New York City does have extensive enough density amenities that there is a negative correlation between density and incomes, which causes the opposite effect there. The declining demand for density has caused prices to decline in neighborhoods that tend to have lower incomes. This is a bit confusing. Prices in the richest dense ZIP codes in New York City have declined the most, just like they have in other places. But, as Figures 5 & 6 showed, rents and prices have declined more in all dense ZIP codes than they have in less dense ZIP codes. And New York City has a lot of dense ZIP codes with low incomes and a lot of rich, less dense ZIP codes.
The effect this has on the regression I use for the tracker is to make the New York City Cyclical component look higher and the Supply component look lower. So, it is true that housing in New York City has gotten cheaper in poorer neighborhoods, but it’s not cheaper because of added supply. It’s cheaper because of lower demand for density amenities.
But, I think both the flat Supply component and the low Cyclical component (after I adjust income estimates) both simply reflect a true loss of amenity value in the American urban housing stock that is related to Covid. Households are less willing to pay to live in cities. I’m not quite sure how to account for this in the tracker data. For now, I will probably just make note of it.

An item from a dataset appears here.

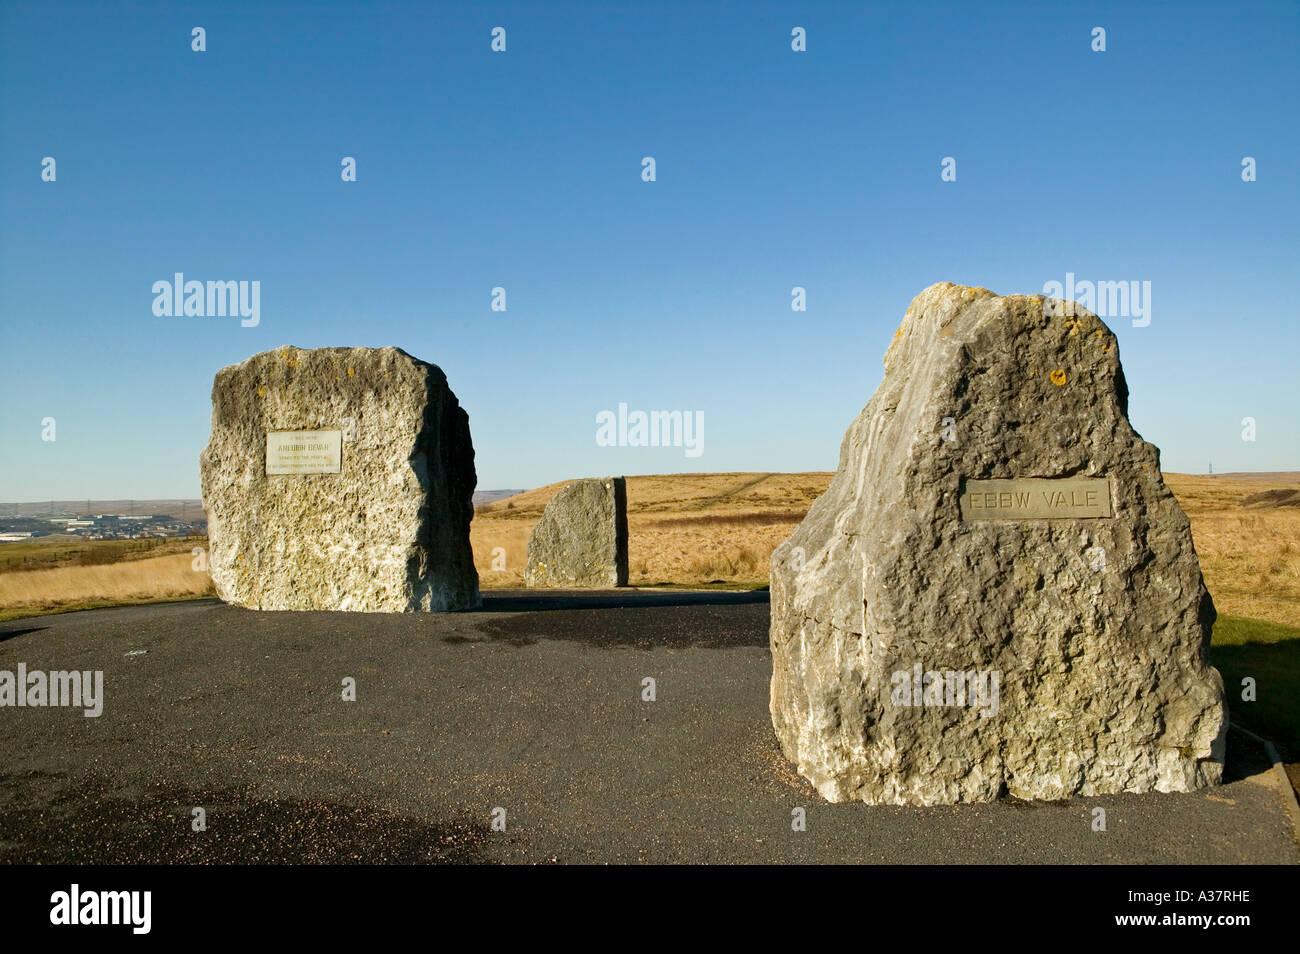 The Aneurin Bevan Memorial Stones at Bryn Serth near Ebbw Vale Wales UK - Stock Image

There has been a bit of a mystery in the tracker data since the arrival of Covid. Rent inflation, measured by the BLS and by Zillow, has continued to be elevated. But, the Supply component of the Erdmann Housing Tracker has flattened out, suggesting an end to excess rent inflation. The effect of the decline in the value of density might explain this. My Supply component has likely been understating the continuation of rent inflation.
Very wonky, but you made it understandable, thank you.
One of the biggest and critical density amenity value is access to (better) employment opportunities. It could be that this is declining in both rich and not rich, for different reasons. In the rich dense zips, remote work has reduced the density value. In the poor dense zips, service job opportunities have declined with less office occupancy (as a significant portion of the services is to office workers). Food for thought.
I enjoyed your journey through the weeds.